WORK ORDER> An exact copy of the data below is needed; please leave out any pictures.

PROVIDED DATA>
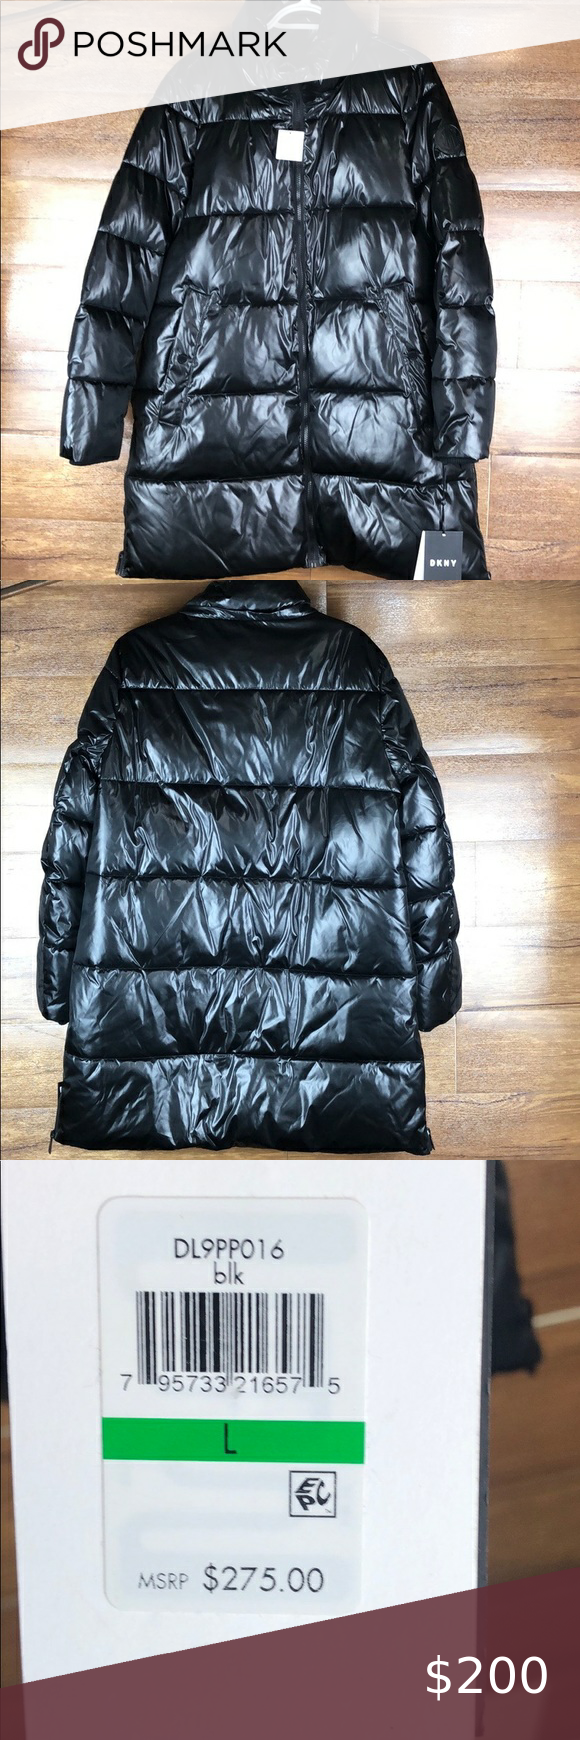 Dkny Long Puffer Jacket Size Large Dkny Womens Winter Puffer Coats Jackets [ 1740 x 580 Pixel ]
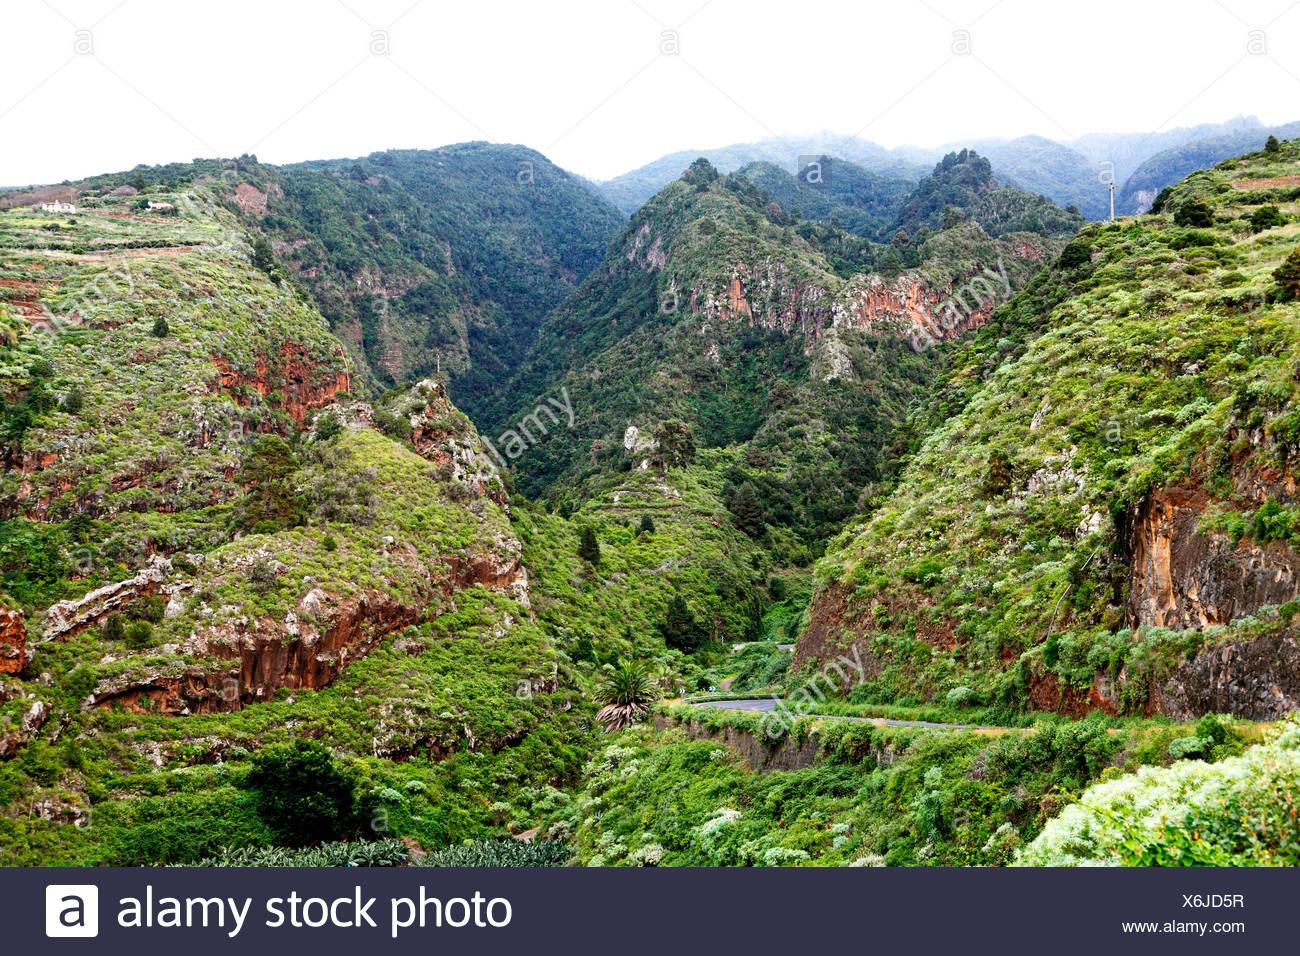 laurel forest in the mountains near La Galga, Canary Islands, La Palma Stock Photo
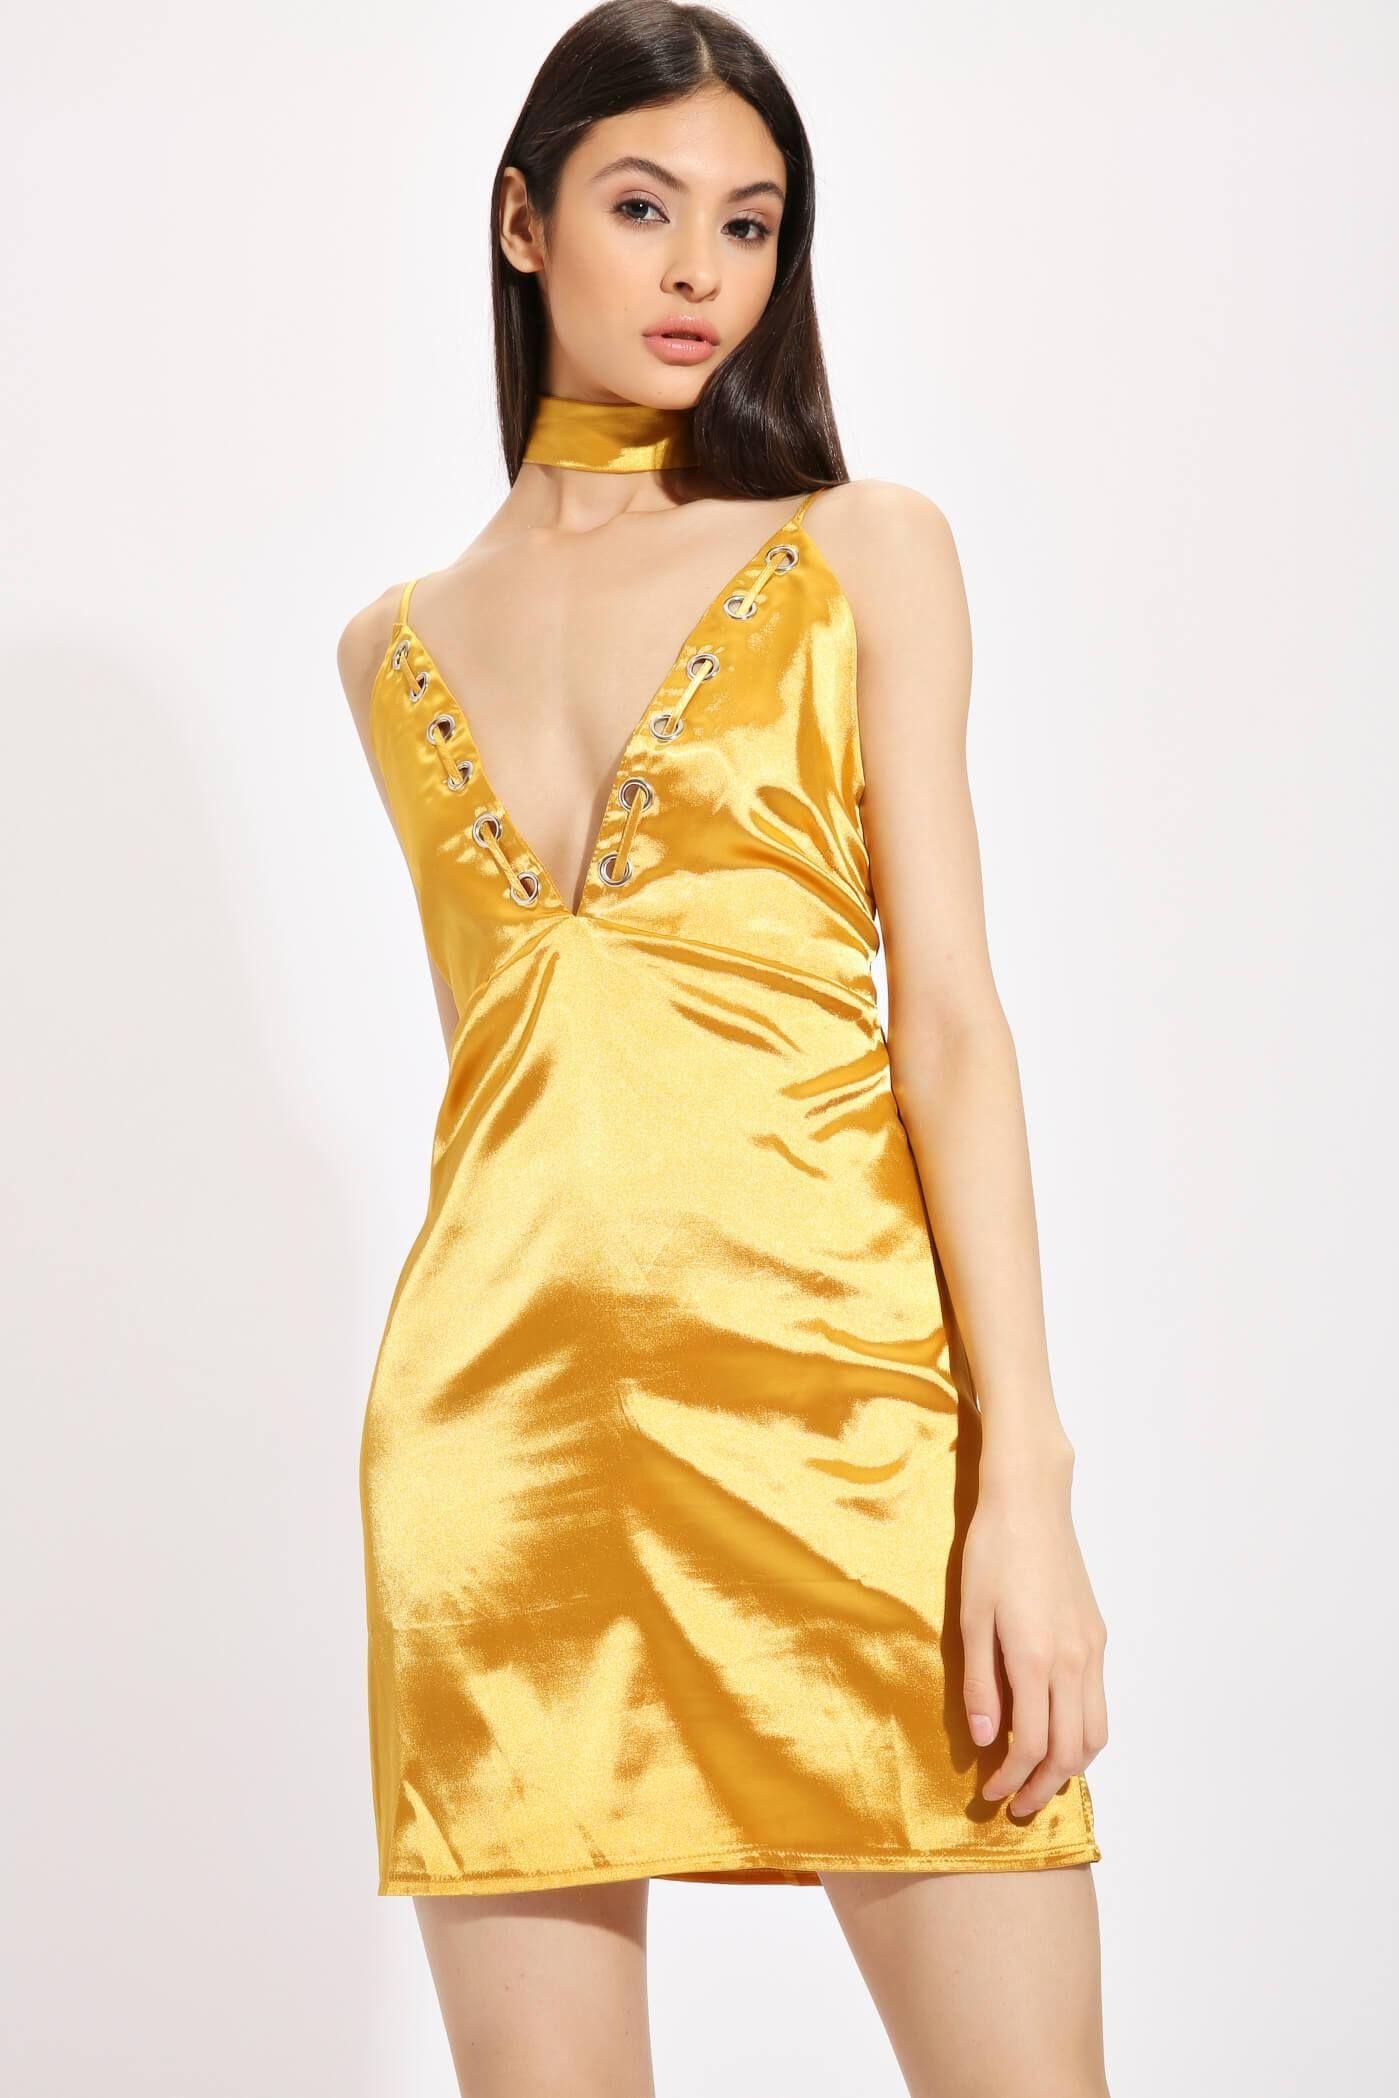 587246ab39 Gold Satin Eyelet Shift Dress

RESULT OF THIS EXERCISE>
 Dkny Long Puffer Jacket Size Large Dkny Womens Winter Puffer Coats Jackets [ 1740 x 580 Pixel ]
 laurel forest in the mountains near La Galga, Canary Islands, La Palma Stock Photo
 587246ab39 Gold Satin Eyelet Shift Dress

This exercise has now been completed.